Thursday, April 1, 2010

PC Loadletter?


I think the world would be a better place if we had the capacity to make inanimate objects feel shame. How often do we yell at each other because we're upset about something for which there is no outlet? After attempting to reheat leftovers and burning them we can't scream "YOU WERE AN ACCIDENT, YOU WERE NEVER SUPPOSED TO EXIST!" and feel better about it. Instead, when someone asks us how our dinner is, we say "Shut the fuck up, Aunt Beth." We victimize each other in an attempt to avoid culpability, when really we should be blaming things that can't retaliate to avoid culpability.

When you stand at a jammed copy machine, and it blinks its red light at you and mockingly beeps, you still go "Christ, fucking shit-thing!" and the look around guiltily. Because you look stupid for having gotten upset at a piece of office equipment. But what if the copy machine started stammering and apologizing? Suddenly ashamed that it screwed up its job? That would be fantastic. I probably wouldn't be angry. I'd roll my eyes and be like "Oh copier, you're so ridiculous. Spit it ouuuttt...." Unless the copier was needy and overly apologetic. Then we'd be back where we started.

Or when your phone drops a call. And you're left standing there, doing everything you can to not throw it into the nearest wall, dreading the next three minutes when each caller tries to call the other consecutively only to get predictably busy signals on both ends.
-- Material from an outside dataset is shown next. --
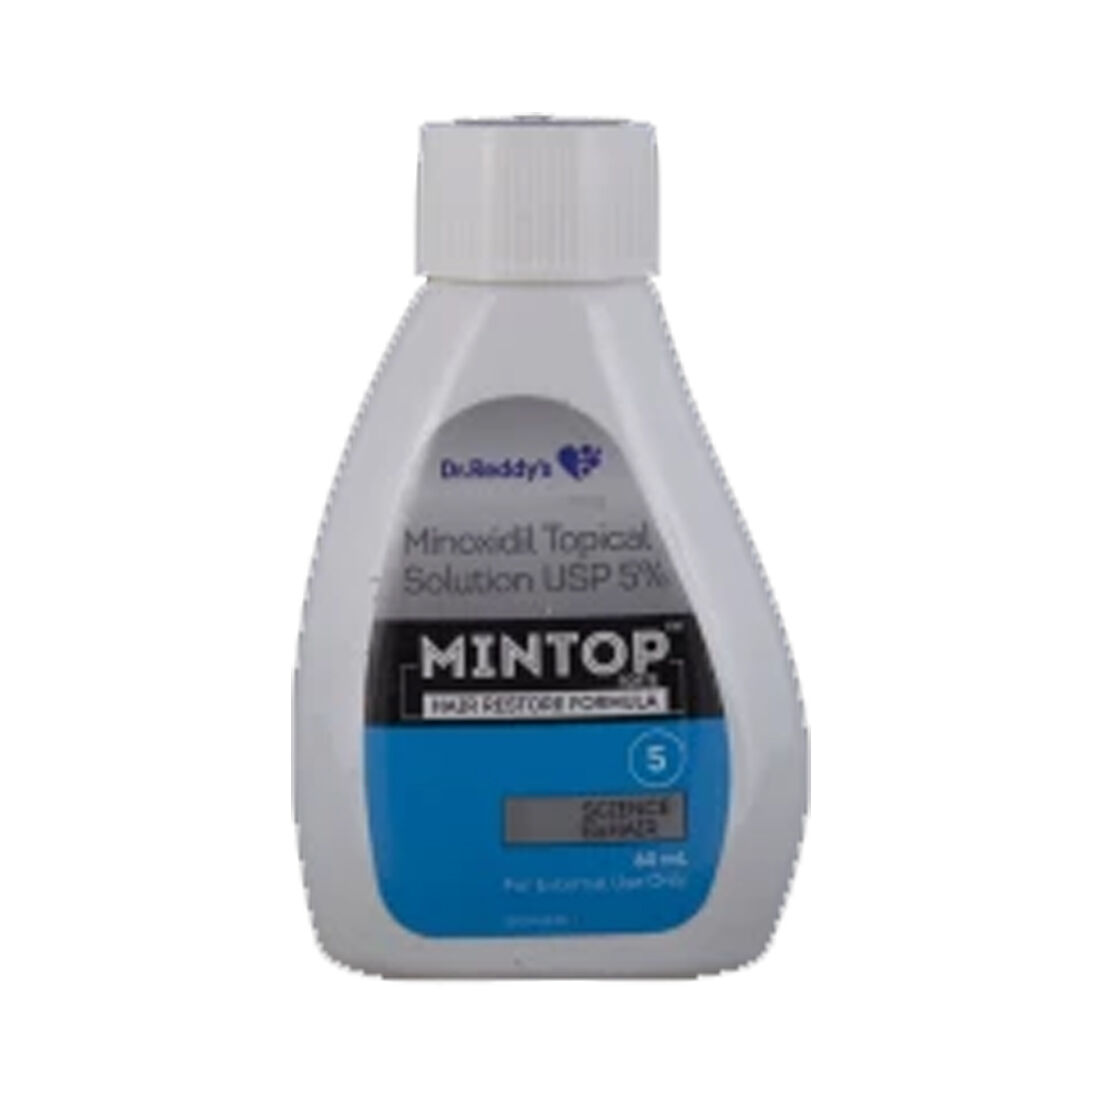 Buy 's Mintop Topical Solution Online at Best Price

I wish I could just talk to my phone "Wow that was a shitty thing you just did, I'm going to let your battery die later, you little T9 craphatch." It will be like when parents make excuses because of their small children. "Oh sorry I flaked out of the thing at the place that we had planned, my wireless router forgot that it actually gets the internet pumped directly into it and it simply needs to spray it all over the house, so i had to...remind...it."

And unlike people, if you ever do such a lousy job berating your inanimate objects that they become depressed to the point of not wanting to function at all, you can just throw them away and get new ones. Ideally they would just throw themselves away when they become useless. TOASTER SUICIDE. But instead, I will continue to stare bewildered at the microwave buttons that don't work, jamming my thumb into them harder and harder, because that has to fix them.

If only we could treat machines the way we treat each other. That is to say, terribly.

1 comment:

  1. A: "Oh copier, you're so ridiculous. Spit it ouuuttt..."

    Q: What is my favorite thing to dirty talk during sex?